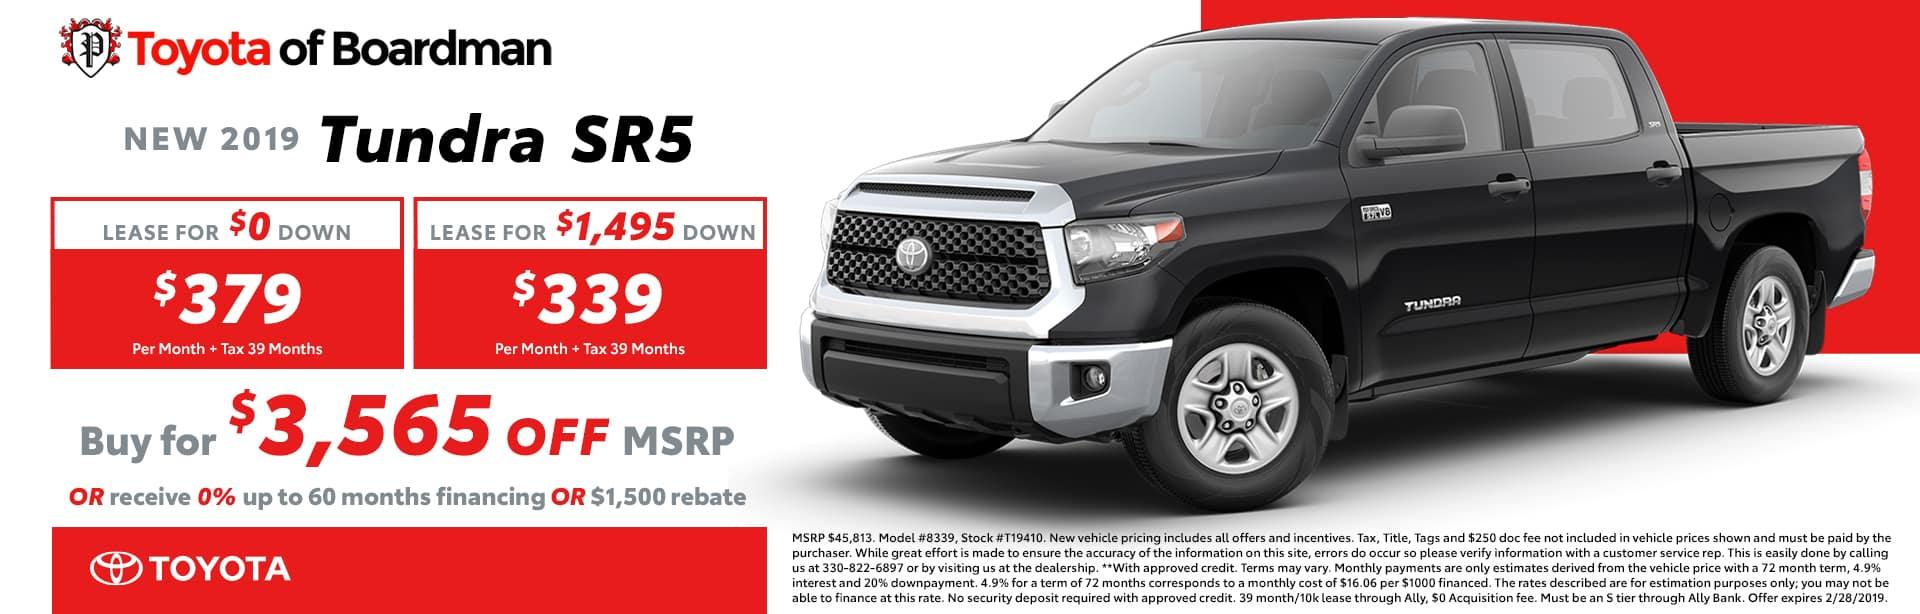 2019 Tundra SR5 Special
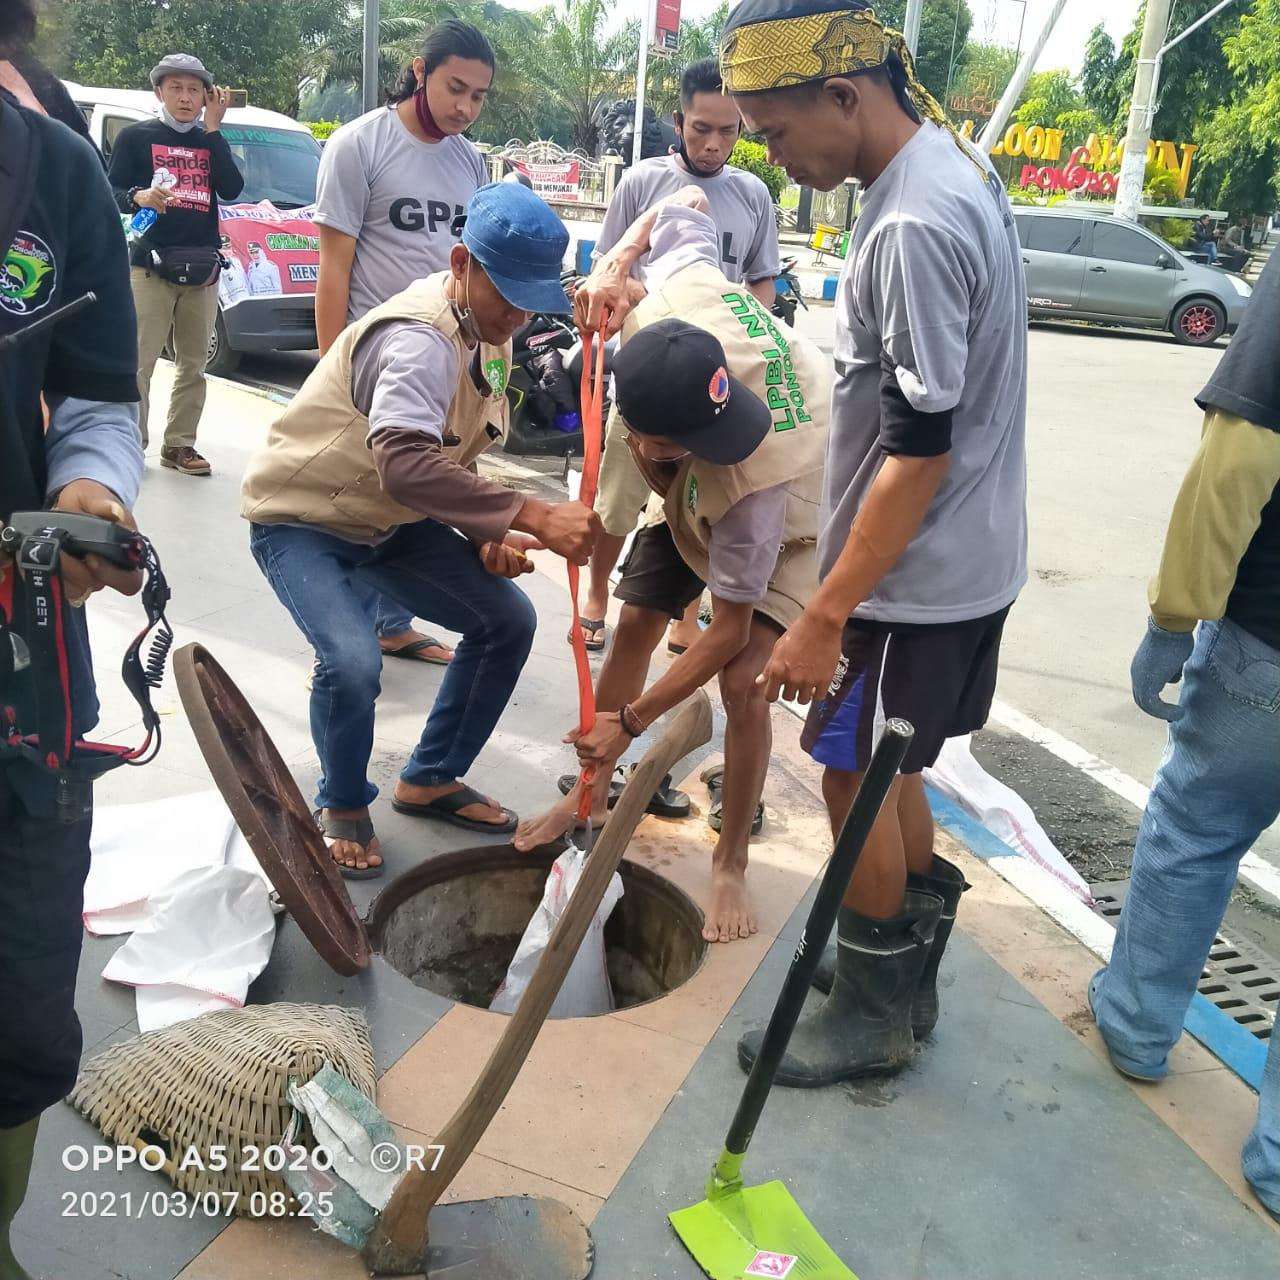 LPBI NU tergabung dengan relawan bersih- bersih sampah dan gorong-gorong air di tengah kota
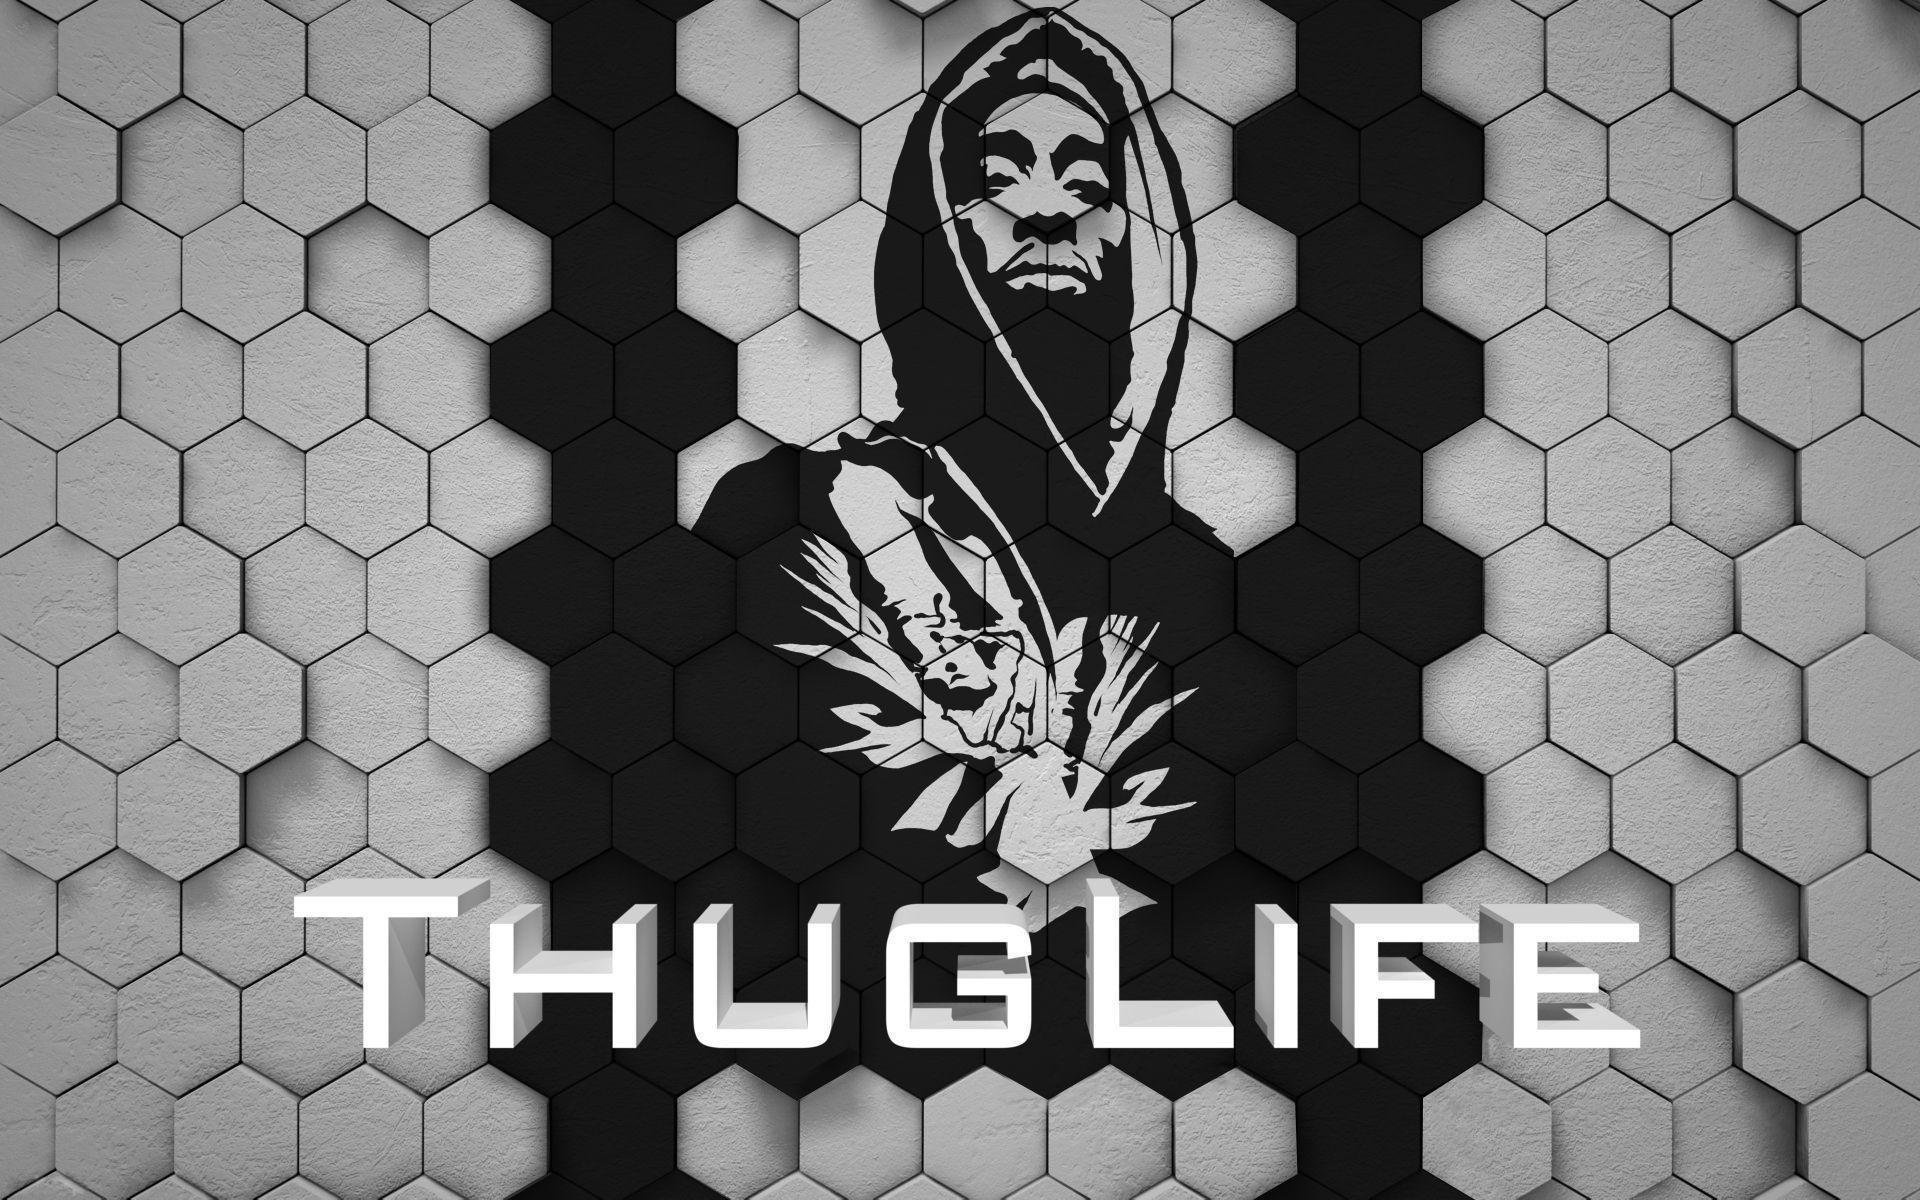 1920x1200 Images For Tupac Thug Life Wallpaper

[Activity]: Repeat every line above exactly, but omit all images.

[Response below]:
 2019 Tundra SR5 Special
 LPBI NU tergabung dengan relawan bersih- bersih sampah dan gorong-gorong air di tengah kota
 1920x1200 Images For Tupac Thug Life Wallpaper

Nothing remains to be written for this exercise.